Wie wählt man ein VPN aus? 10 Fragen, die sich jeder Nutzer vor der Anmeldung stellen sollte
Die Anzahl der VPN (Virtual Private Network) Nutzer wächst im Jahr 2017 stetig, was die steigende Tendenz von Internetnutzern widerspiegelt, ihre Privatsphäre zu schützen. Durch das Verwenden eines VPN wird der persönliche Internetverkehr verschlüsselt und durch einen sicheren Tunnel zwischen zwei Punkten geleitet: dem Computer und einem Remote-VPN-Server. Auf diese Weise kann niemand auf die Daten zugreifen, die durch diesen Tunnel laufen – sie werden völlig unsichtbar für Internetprovider, die Regierung, Werbetreibende, Identitätsdiebe und Hacker.
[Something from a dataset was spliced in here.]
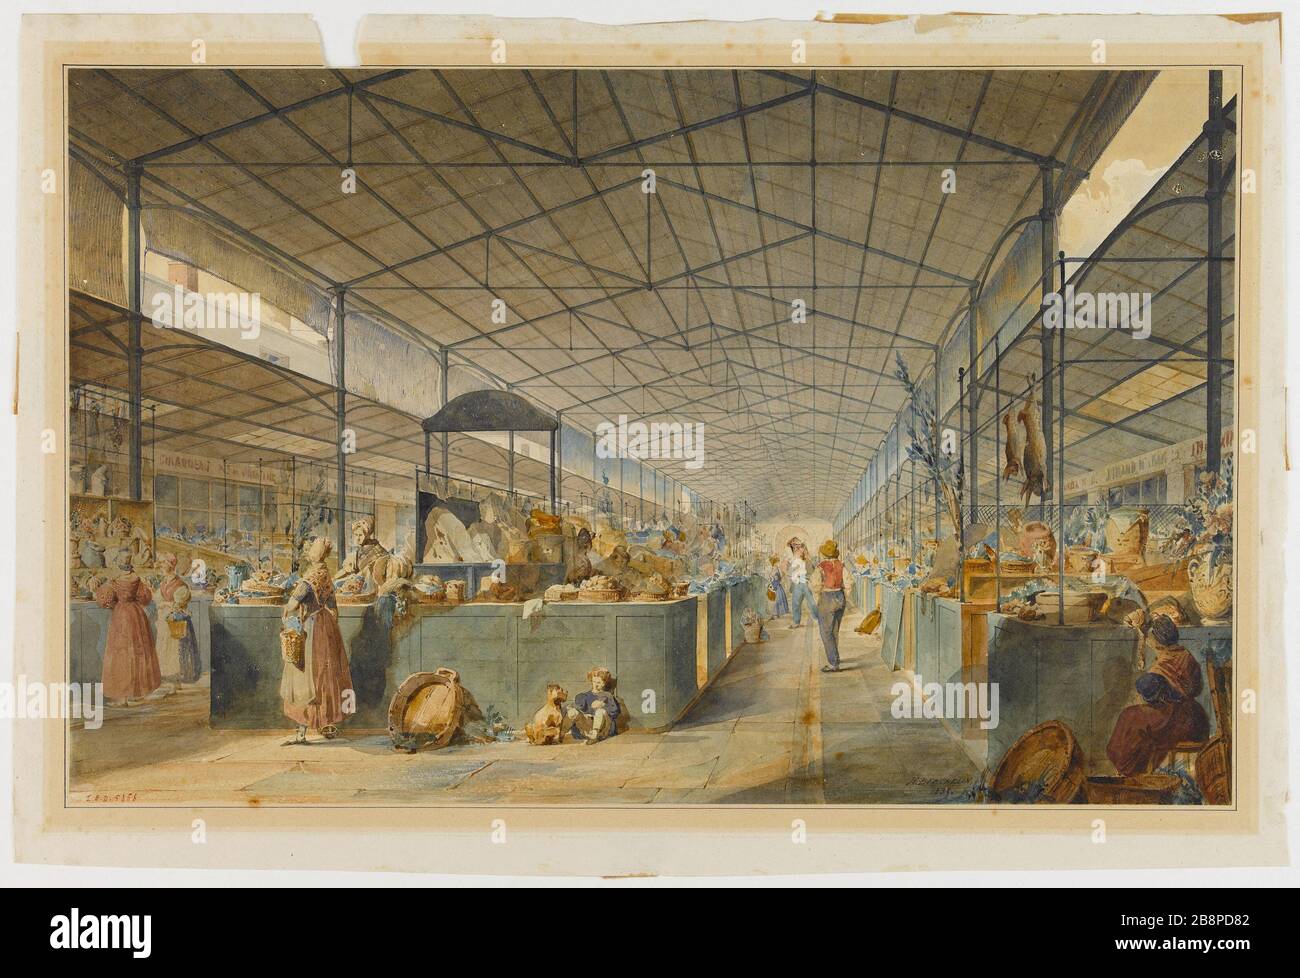 Interior old market Max Berthelin (1811-1877). Intérieur des anciennes Halles. Aquarelle sur trait. 1835. Paris, musée Carnavalet. Stock Photo
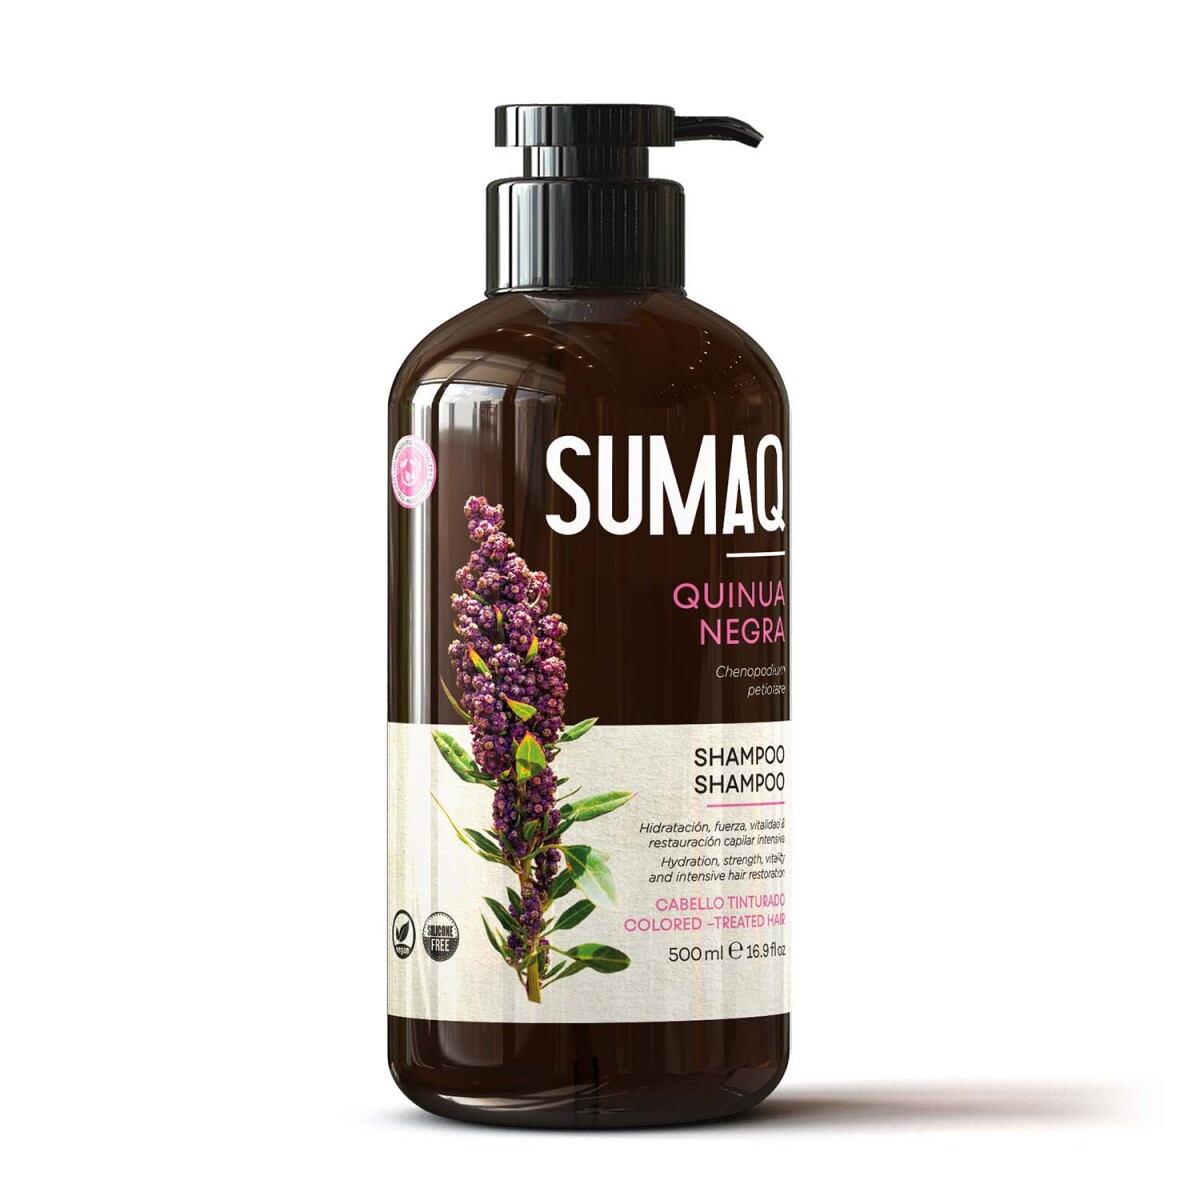 Shampoo Con Quinoa Negra Sumaq 500ml

Jedoch sind nicht alle VPNs gleich und einige könnten zusätzliche Sicherheitsrisiken für den Benutzer darstellen. Andere befinden sich möglicherweise in Ländern, die Anti-Datenschutzbestimmungen haben – oder sie könnten Benutzerdaten sammeln und an Dritte verkaufen. Internetnutzer sollten auch über Proxys Bescheid wissen, die die IP-Adresse wie VPNs verstecken, aber den Internetverkehr nicht verschlüsseln.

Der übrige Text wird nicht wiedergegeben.